Graph data structures are naturally well-suited to represent and store the complex relationships between drugs/compounds their protein targets and their associated diseases.
Aside from a convenient way to represent and store complex data, multiple algorithms have been developed to study graphs. These methods include graph traversal methods (BFS, DFS, Dijkstra's algorithm etc...) for searching specific relationships between objects in the graphs, community detection (Girvan-Newman Algorithm), clustering, label-propagation, and anomaly detection. These methods are already being used in drug discovery. For example anomaly detection of drug-target networks can be used to identify drug molecules that may display polypharmacological activity.
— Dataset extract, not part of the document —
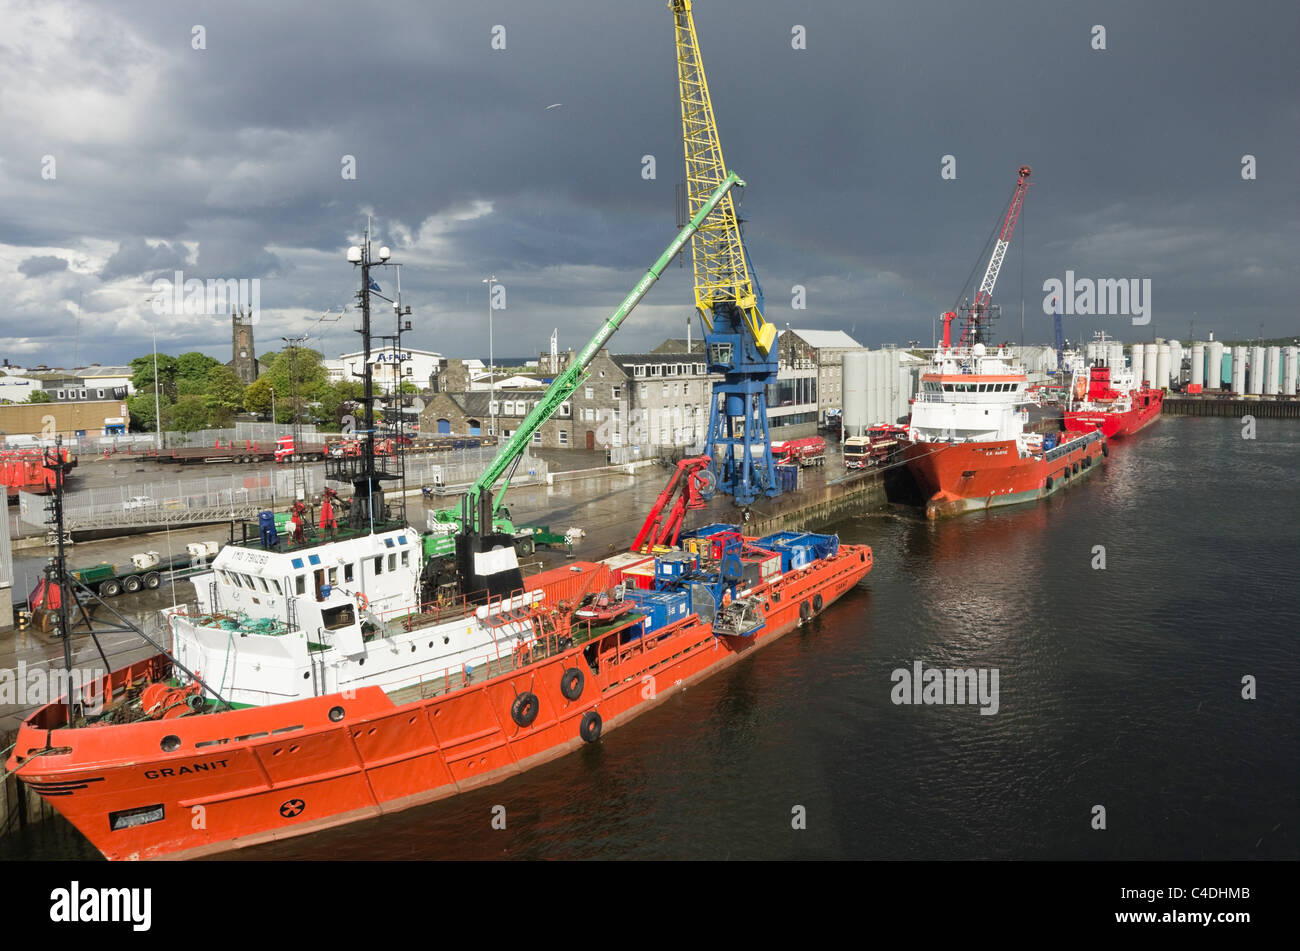 Angedockten Schiffe im Hafen die Versorgung der Bohrinseln in der Nordsee Bohrinseln. Aberdeen, Aberdeenshire, Schottland, Großbritannien, Großbritannien Stockfoto
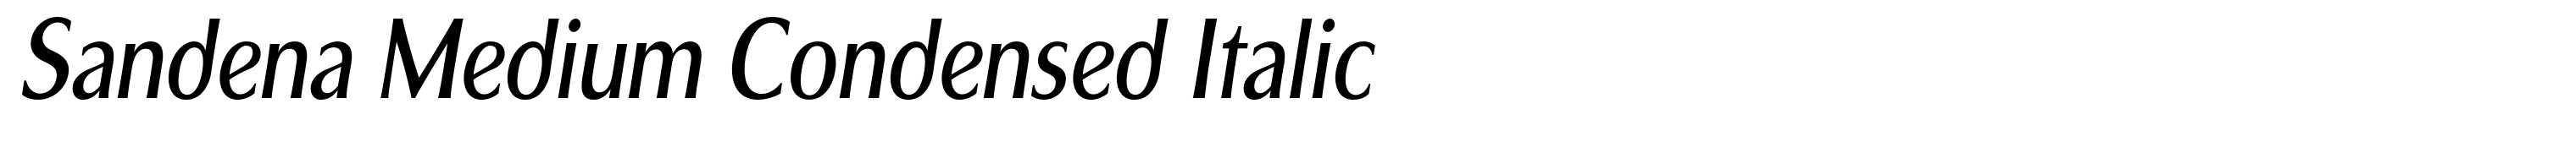 Sandena Medium Condensed Italic

Community detection and clustering can be used to identify groups of protein targets that are strongly associated with a disease. Label propagation can be used as a semi-supervised learning approach to predict drug and side-effect interactions. Since graph data structures already store relationships between drugs/compounds, protein targets, and diseases, graphs can be used as a graph database that can be used to quickly retrieve select protein targets and the compounds that bind to them. Graph-databases like Neo4j have already been applied to store data related to drug discovery. Finally graphs can be used to easily and clerly visualize the complex relationships of the drug/target network.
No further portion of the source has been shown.